▶ **PROMPT**: The task calls for an exact copy of the records, without any images.

***** INPUT DATA *****

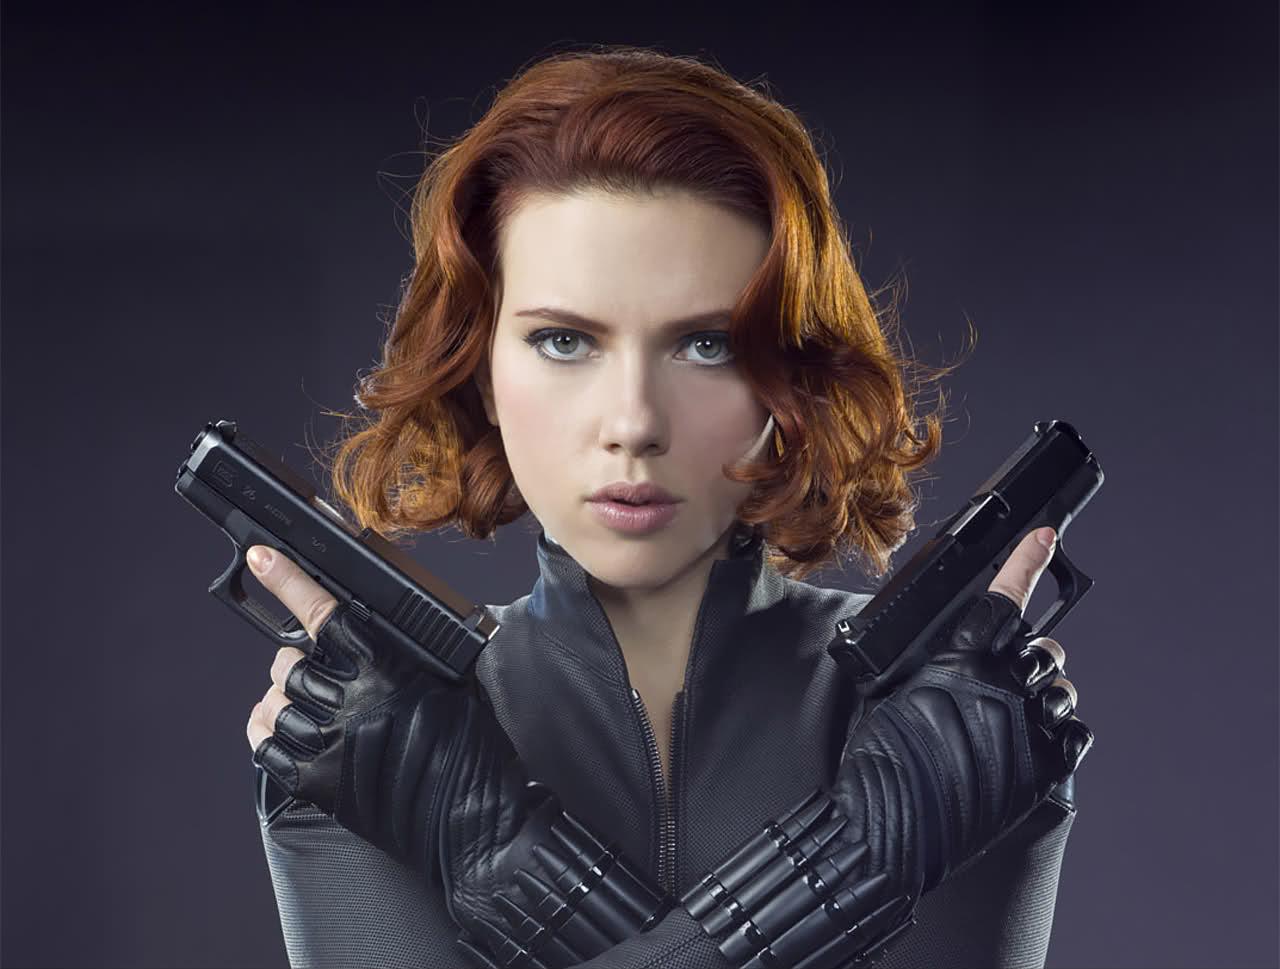 Black Widow Project Management
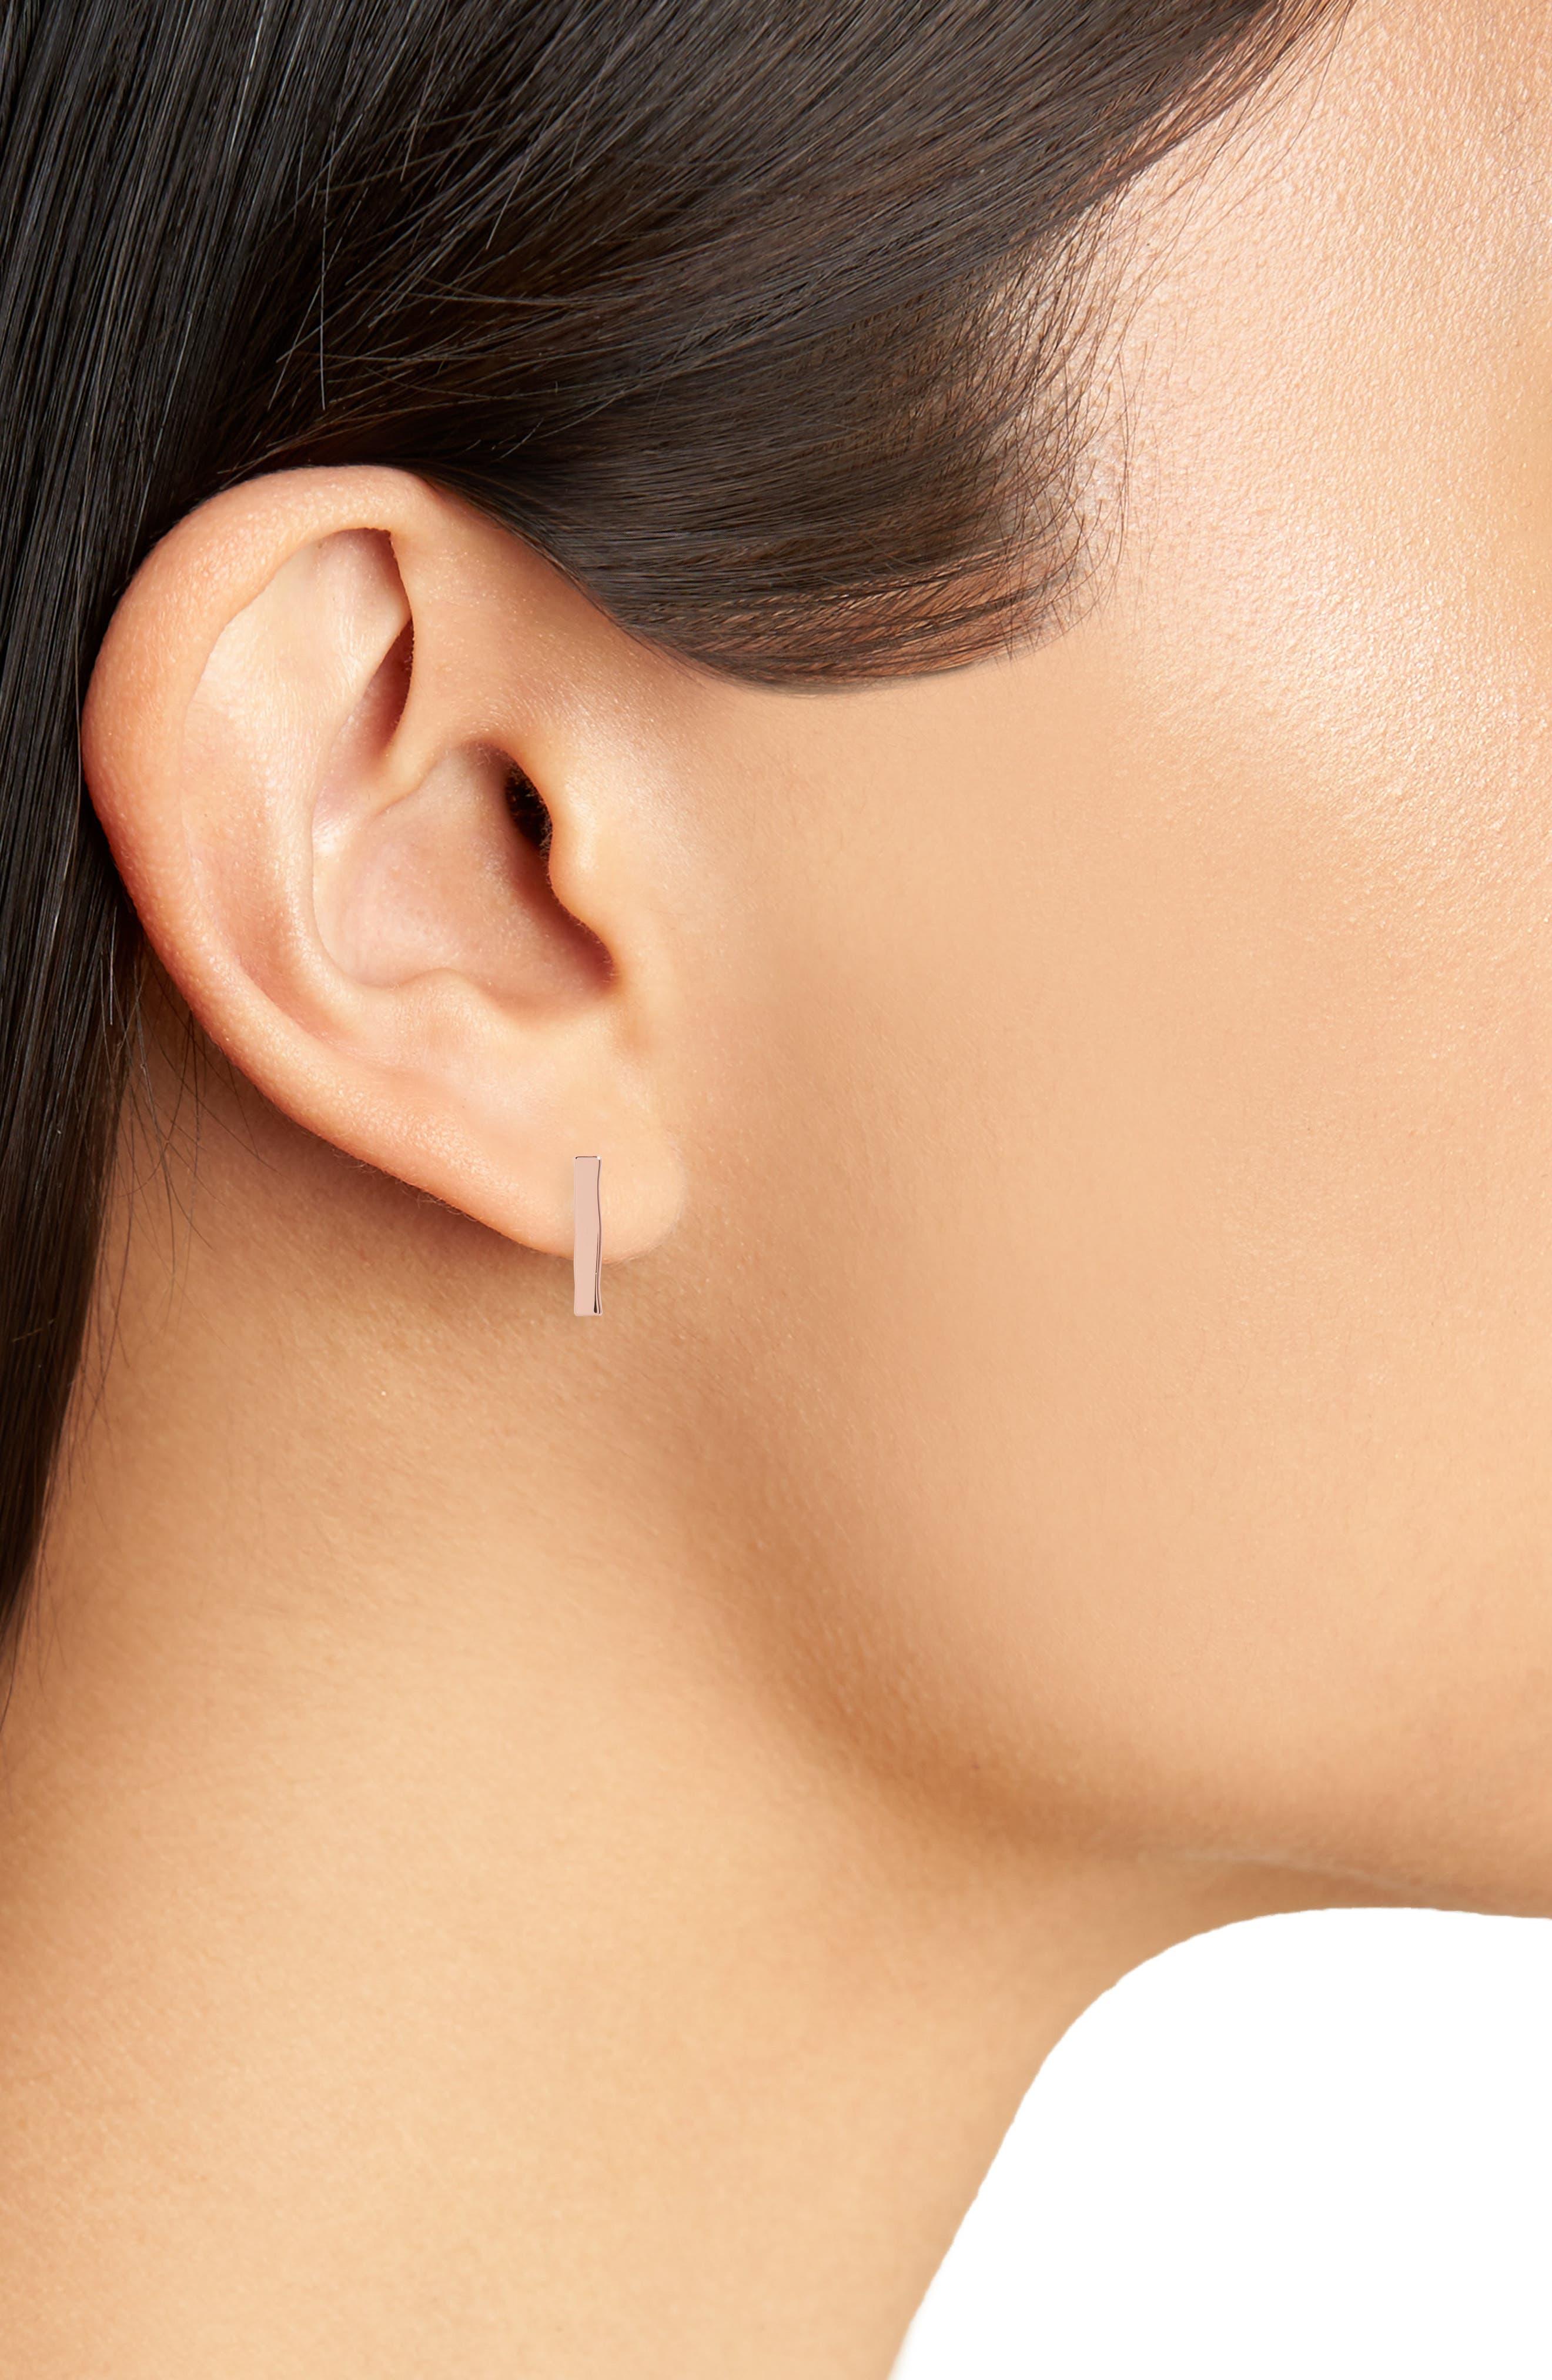 Taner Mini Stud Earrings,                             Alternate thumbnail 3, color,                             ROSE GOLD
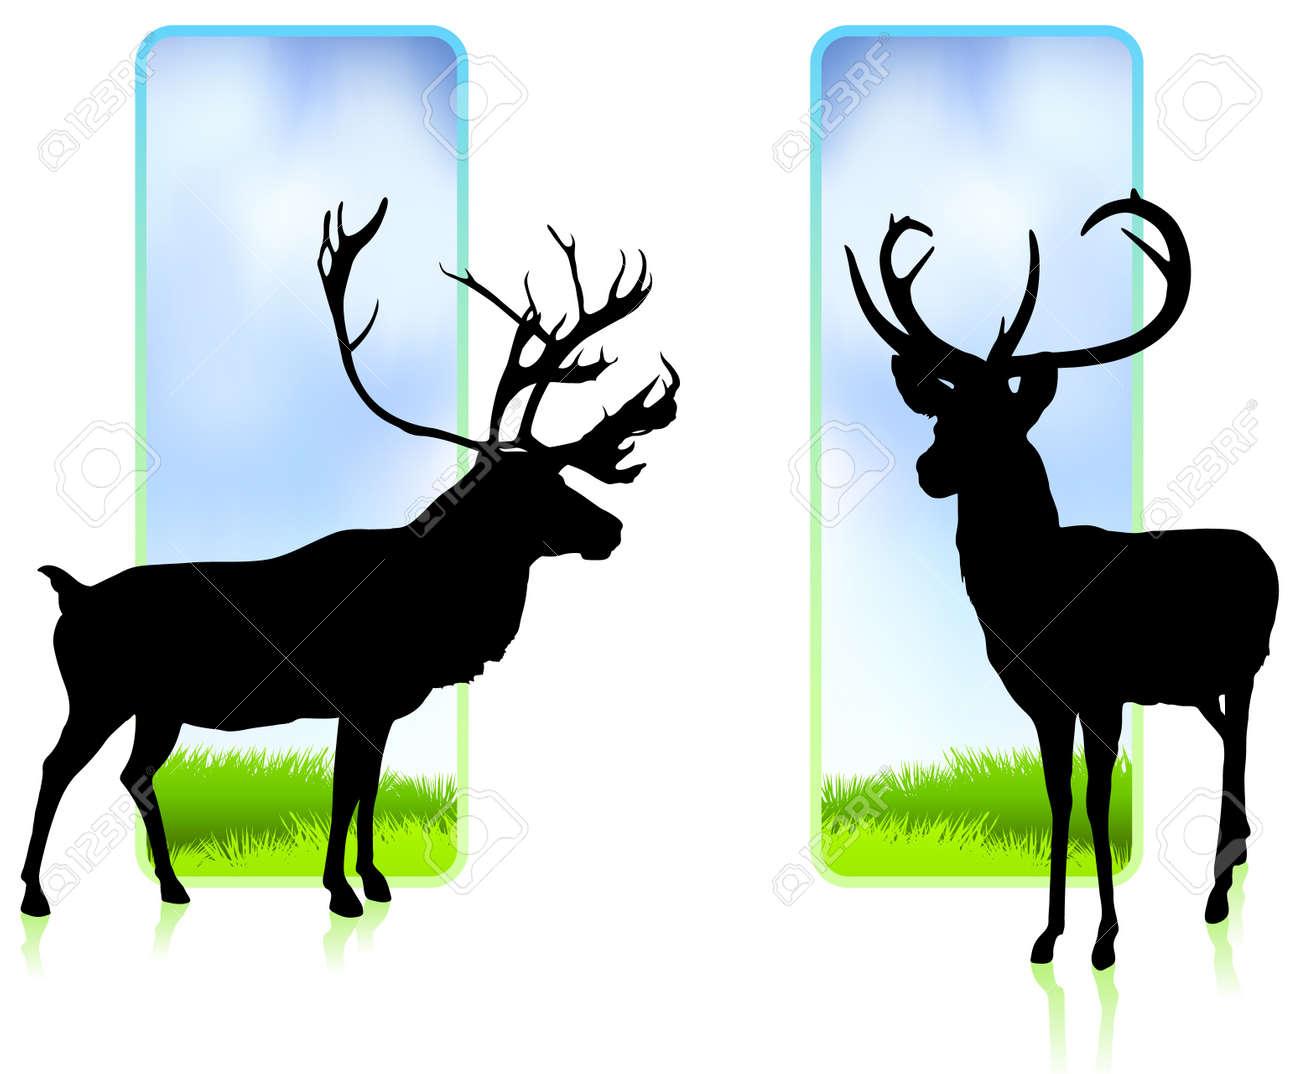 Deer with Nature BannersOriginal Vector Illustration Stock Vector - 20476480
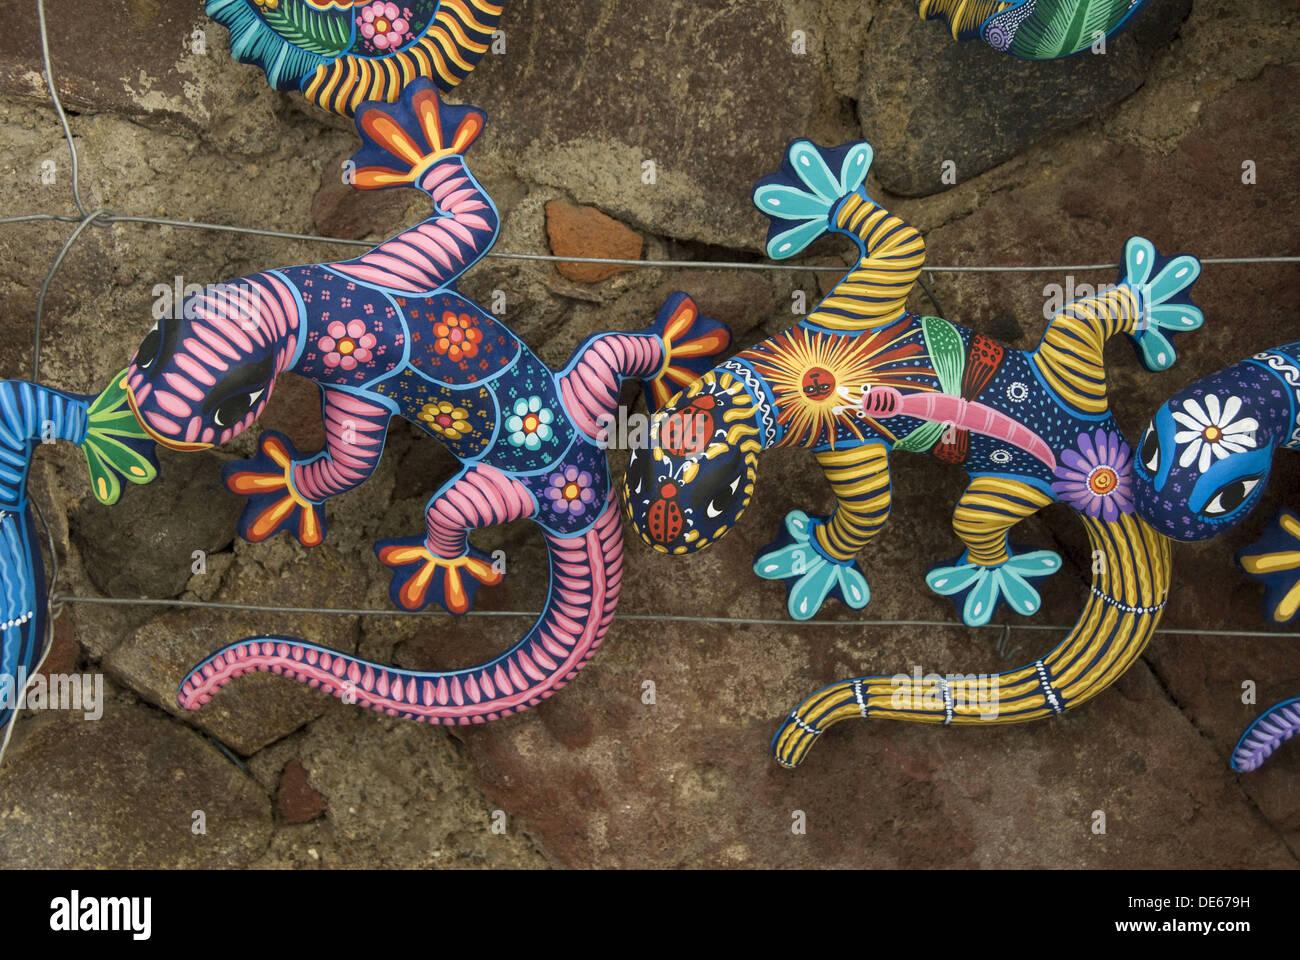 Colorful hand crafted geckos for sale, San Miguel de Allende, Guanajuato, Mexico - Stock Image
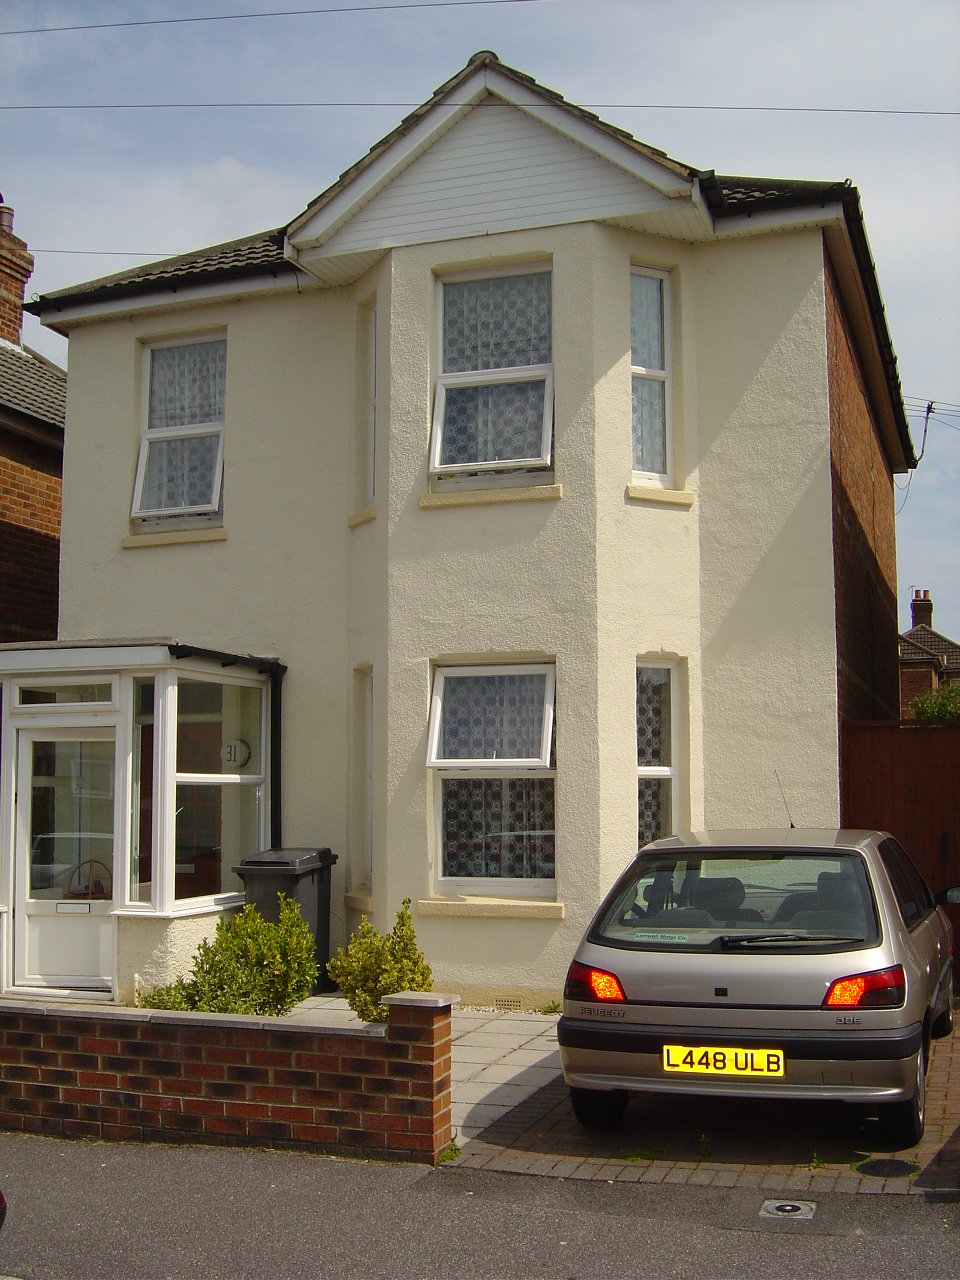 31 Sedgley Road Winton Bournemouth

*****

▶ **SOLVED PROBLEM**:
 Black Widow Project Management
 Taner Mini Stud Earrings,                             Alternate thumbnail 3, color,                             ROSE GOLD
 Deer with Nature BannersOriginal Vector Illustration Stock Vector - 20476480
 Colorful hand crafted geckos for sale, San Miguel de Allende, Guanajuato, Mexico - Stock Image
 31 Sedgley Road Winton Bournemouth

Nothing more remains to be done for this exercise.